WHAT TO WORK ON:
Below are records with pictures in them. Output exactly the lines from the one with "2016 Bear Archery" through the one with "Columbia Куртка утепленная", both included, and leave every picture out; give only those lines.

DATA EXCERPTS:

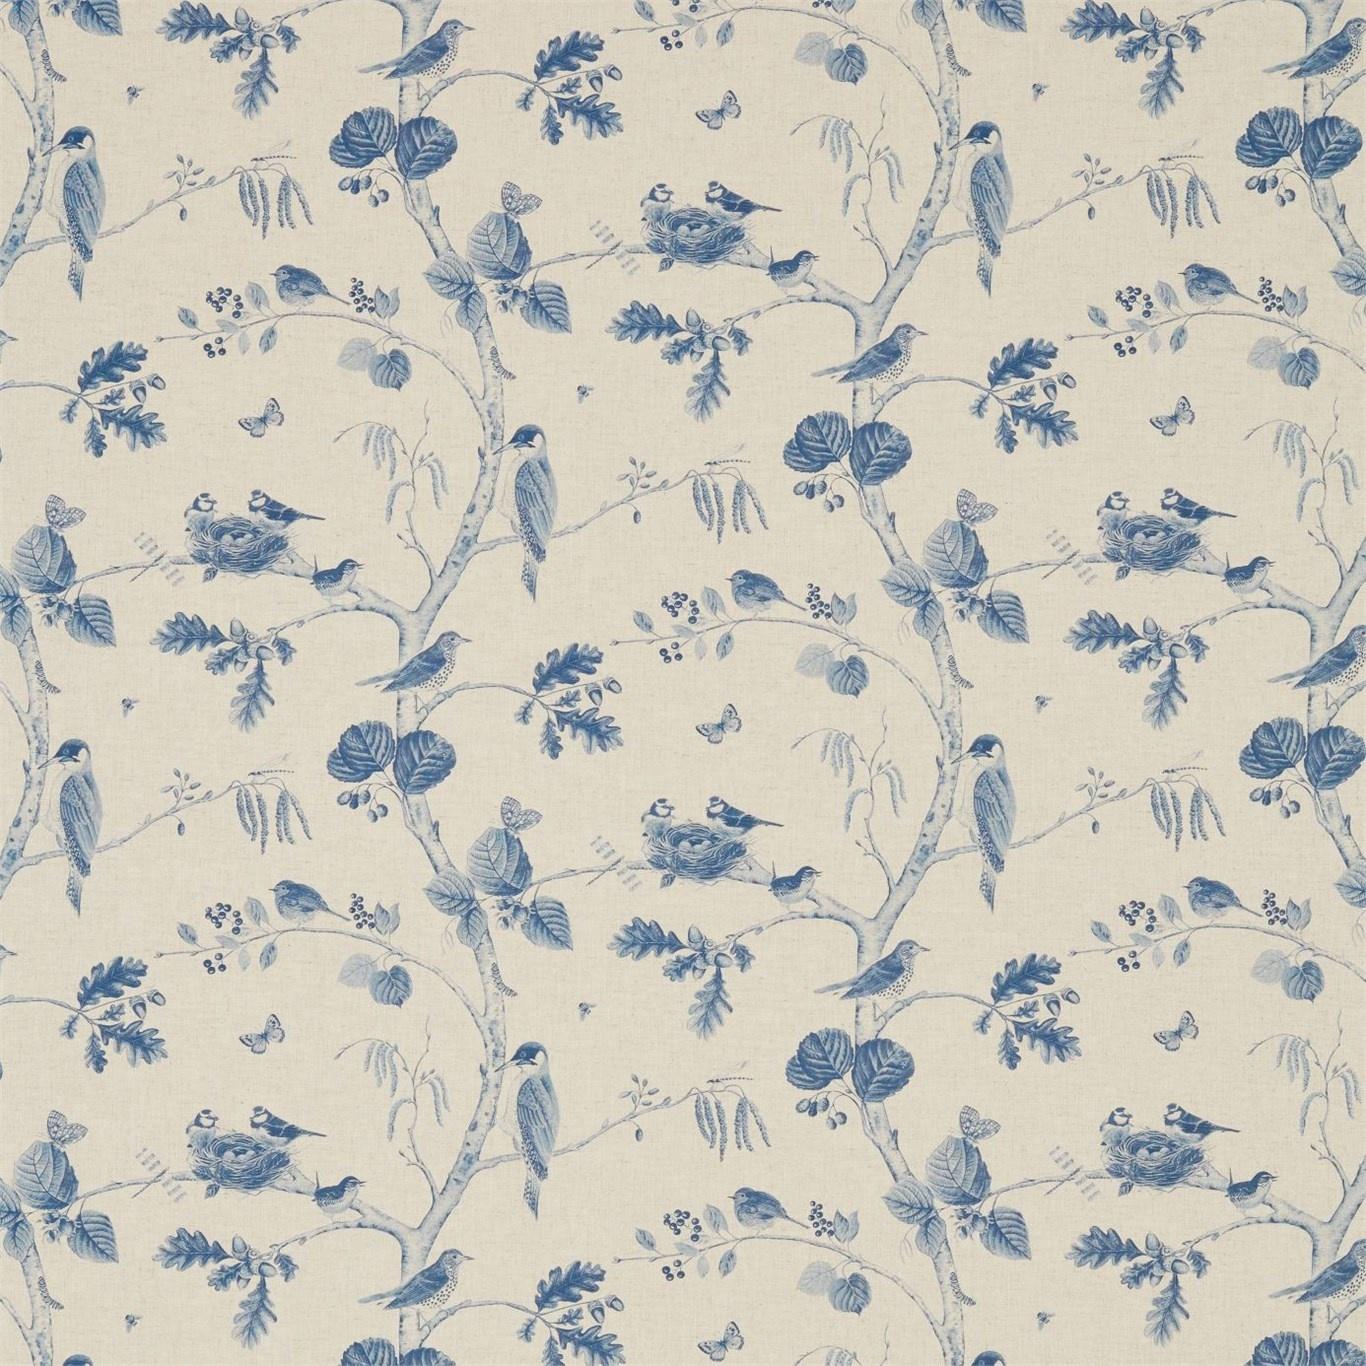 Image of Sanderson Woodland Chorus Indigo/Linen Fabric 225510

* * *

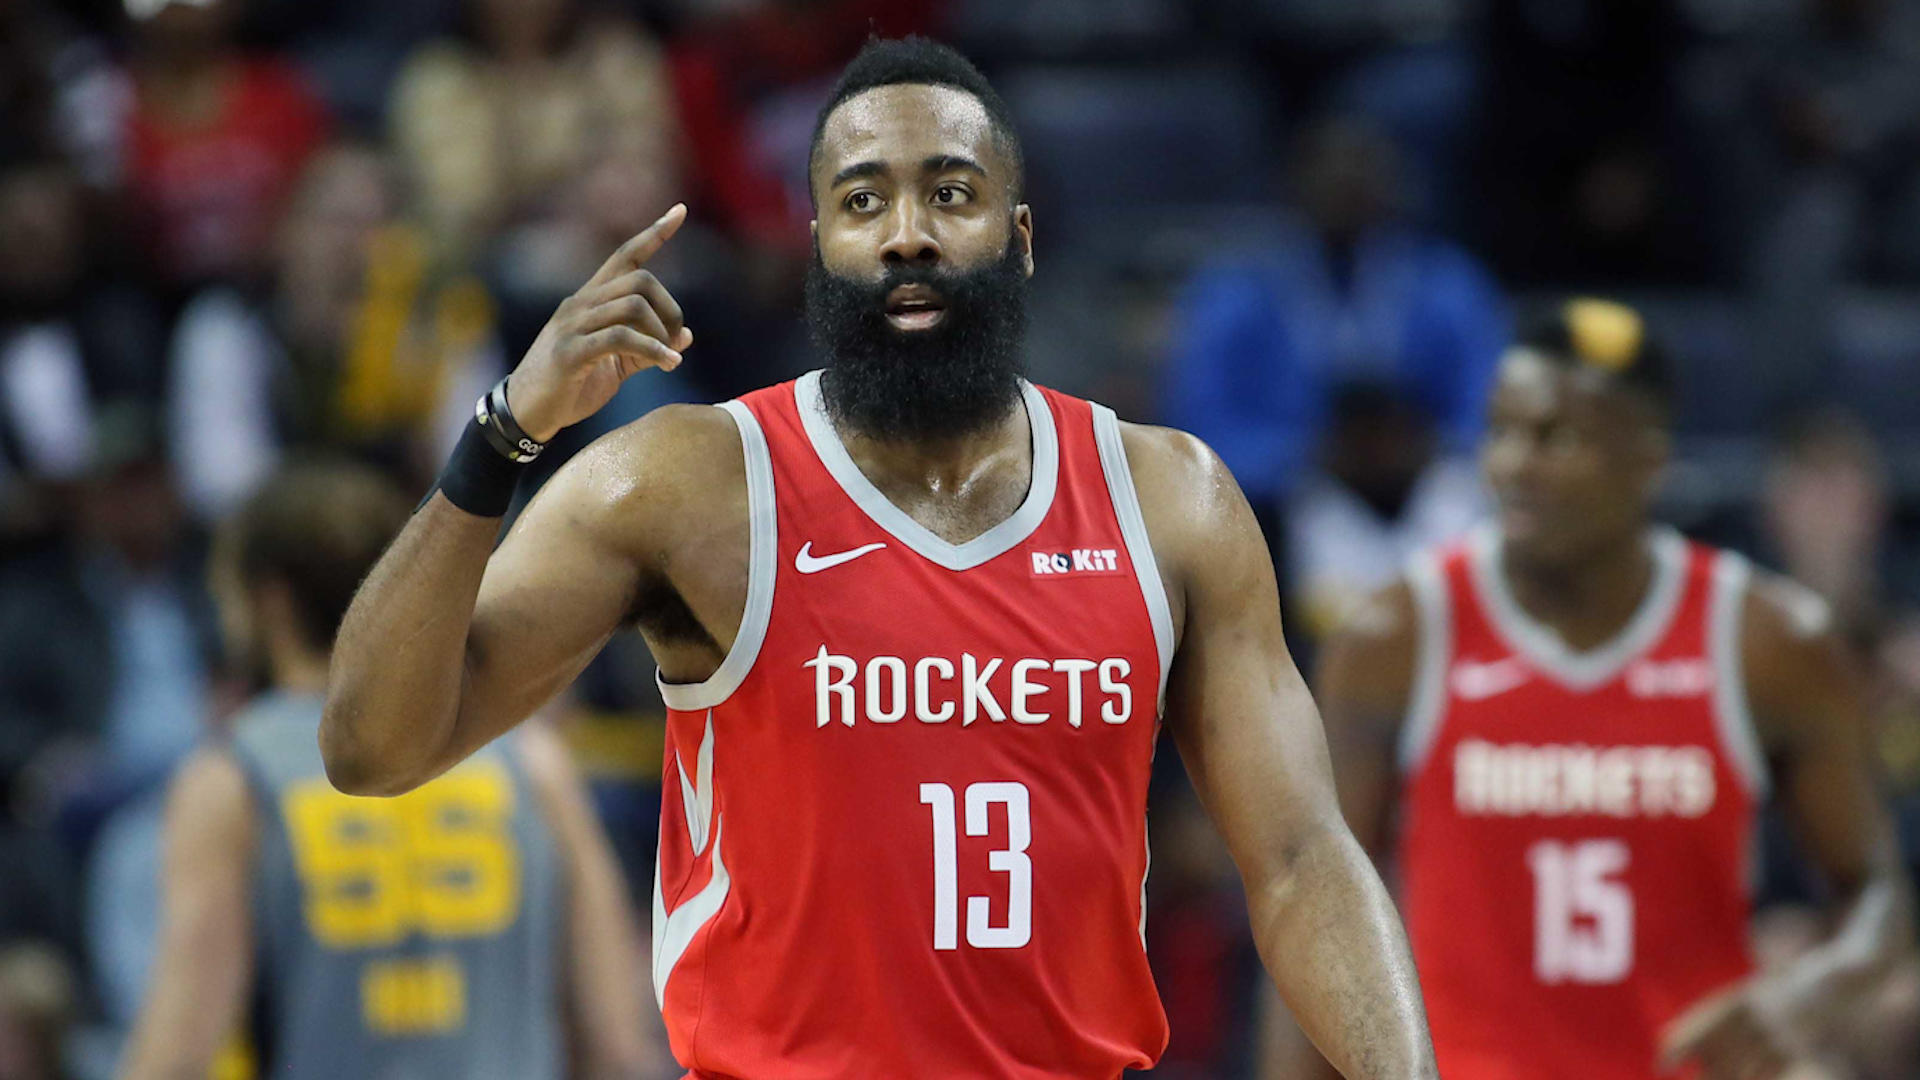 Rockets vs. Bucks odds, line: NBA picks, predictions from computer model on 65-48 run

--

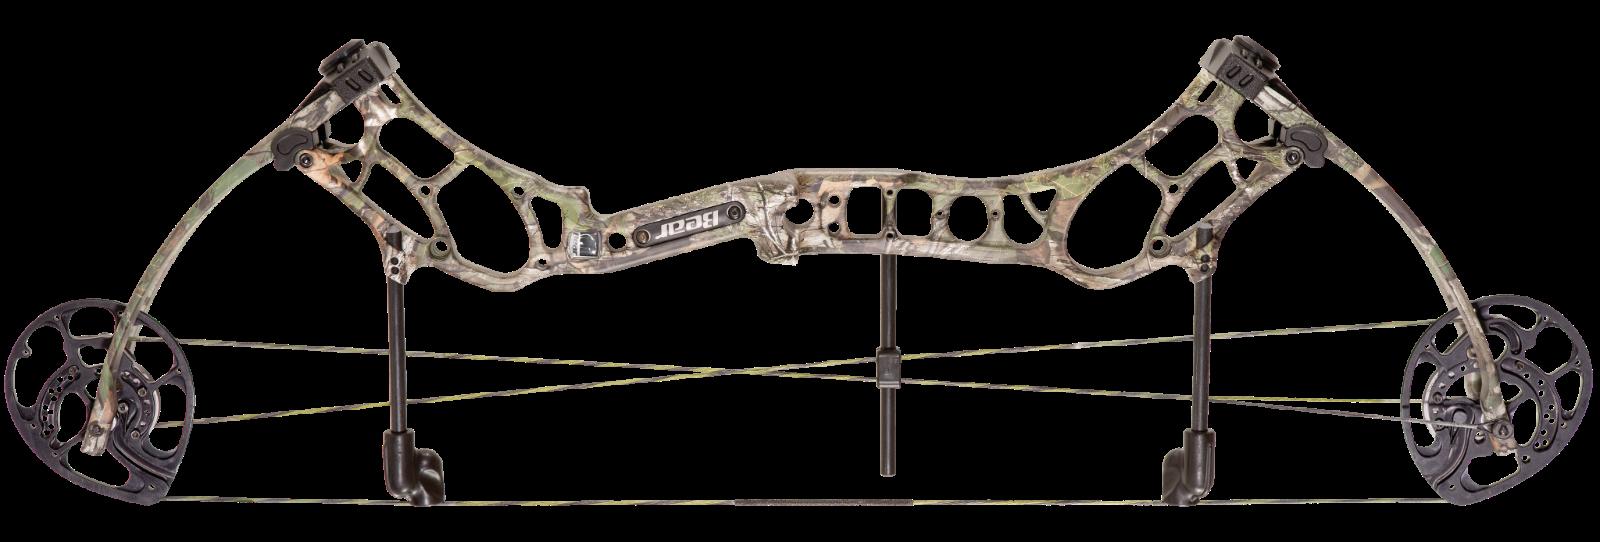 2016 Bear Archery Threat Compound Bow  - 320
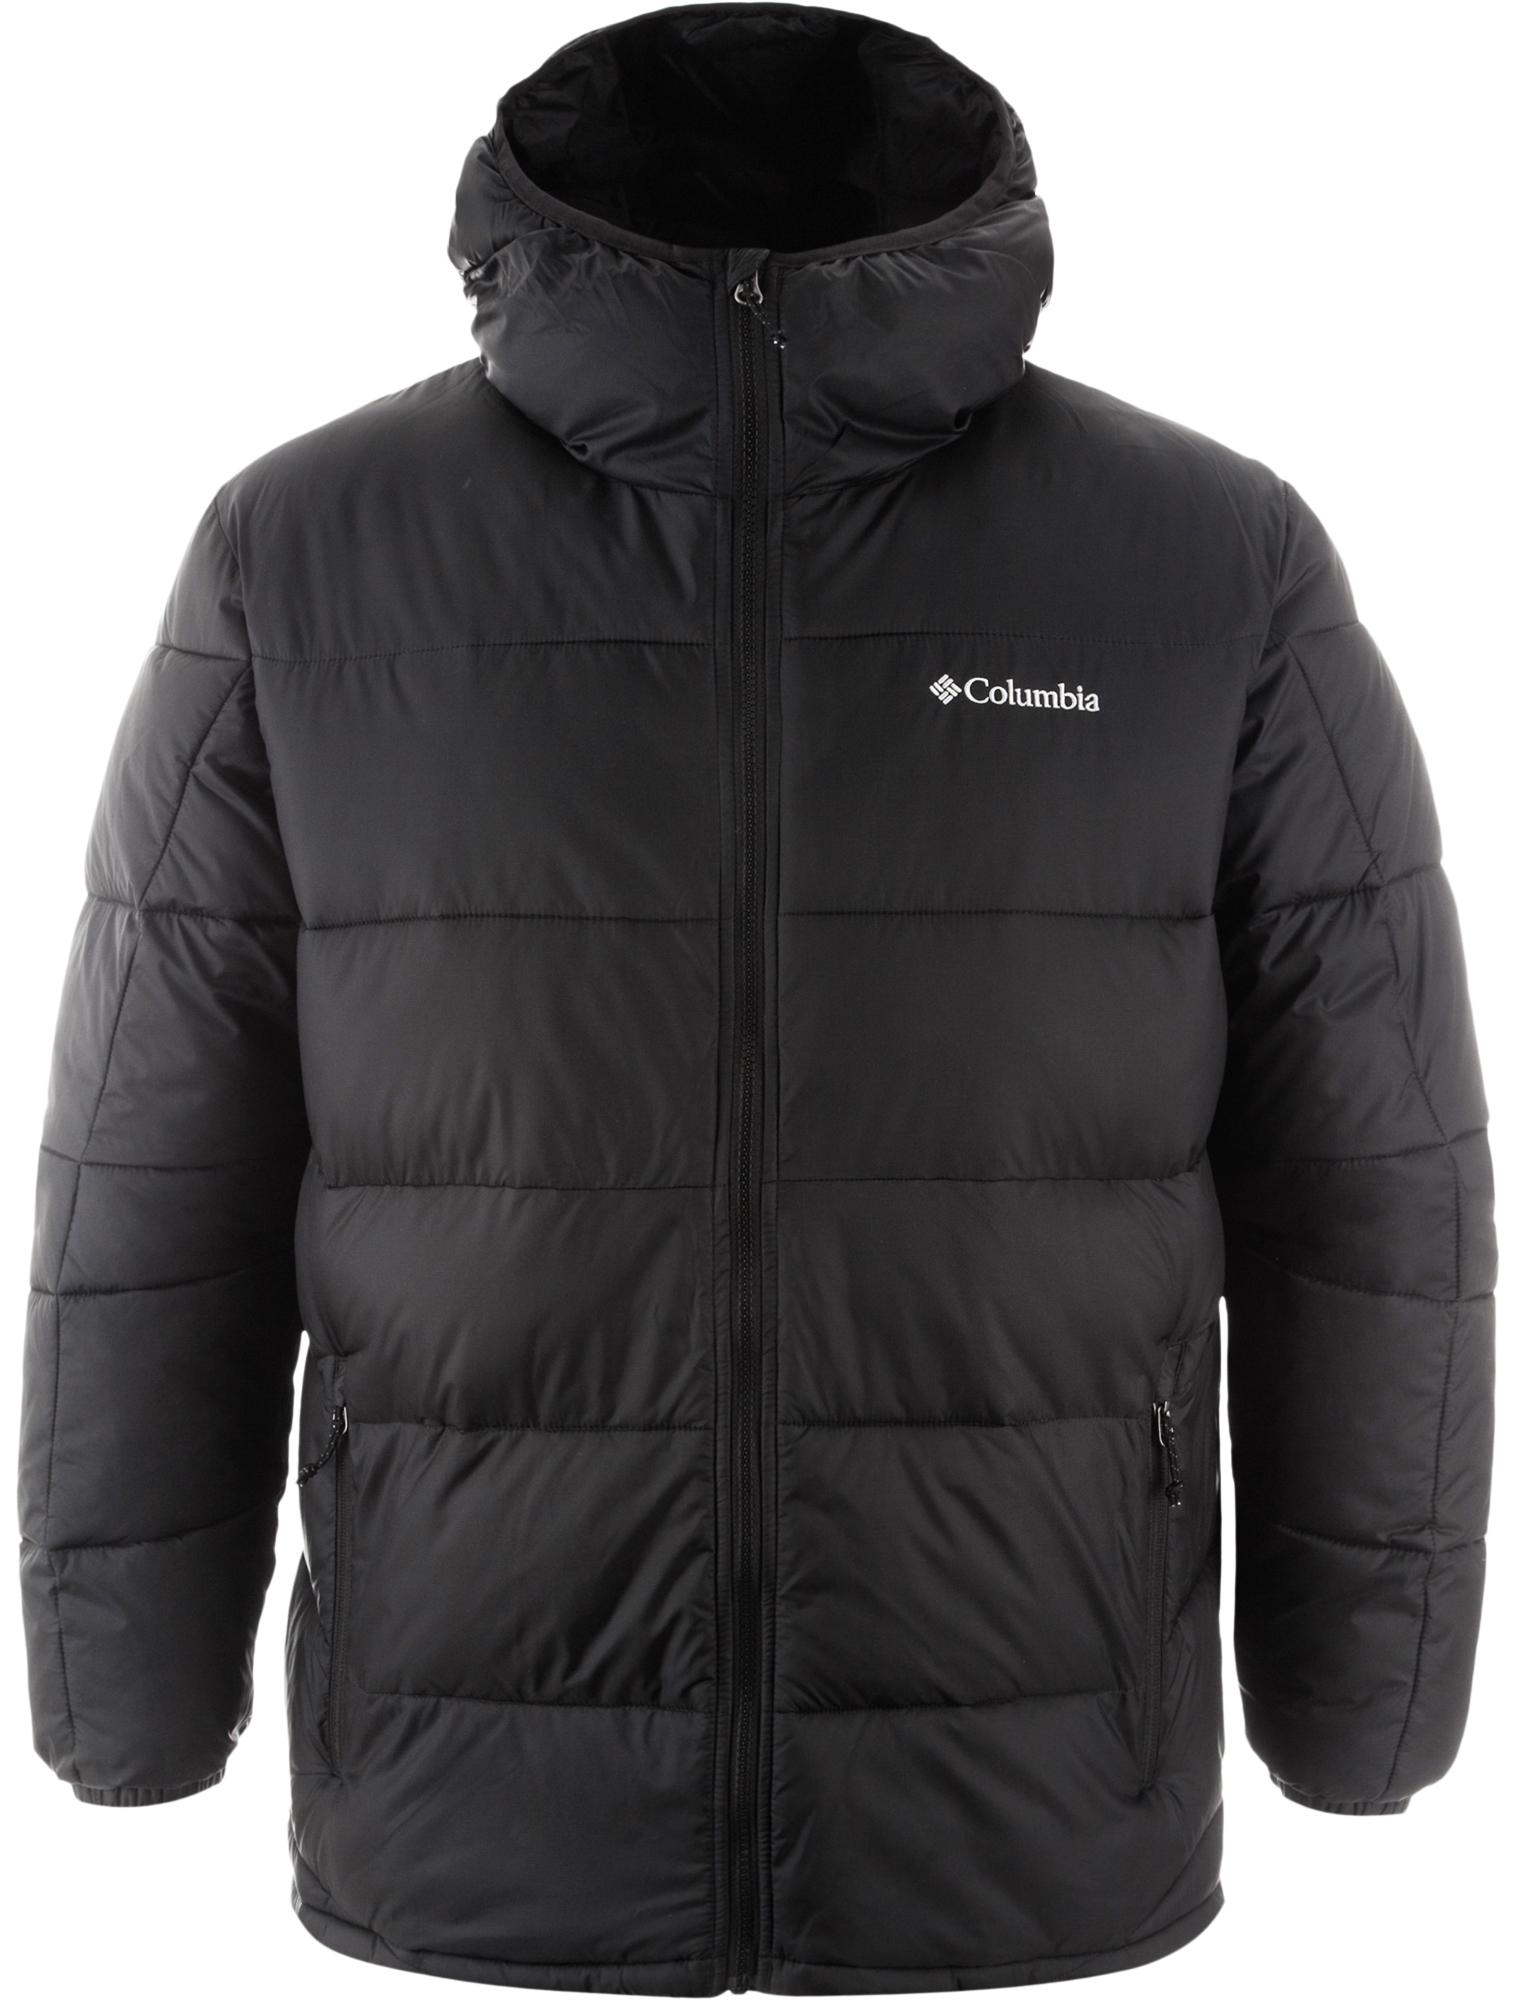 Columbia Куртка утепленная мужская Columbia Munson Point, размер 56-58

EXERCISE ANSWER:
 2016 Bear Archery Threat Compound Bow  - 320
 Columbia Куртка утепленная мужская Columbia Munson Point, размер 56-58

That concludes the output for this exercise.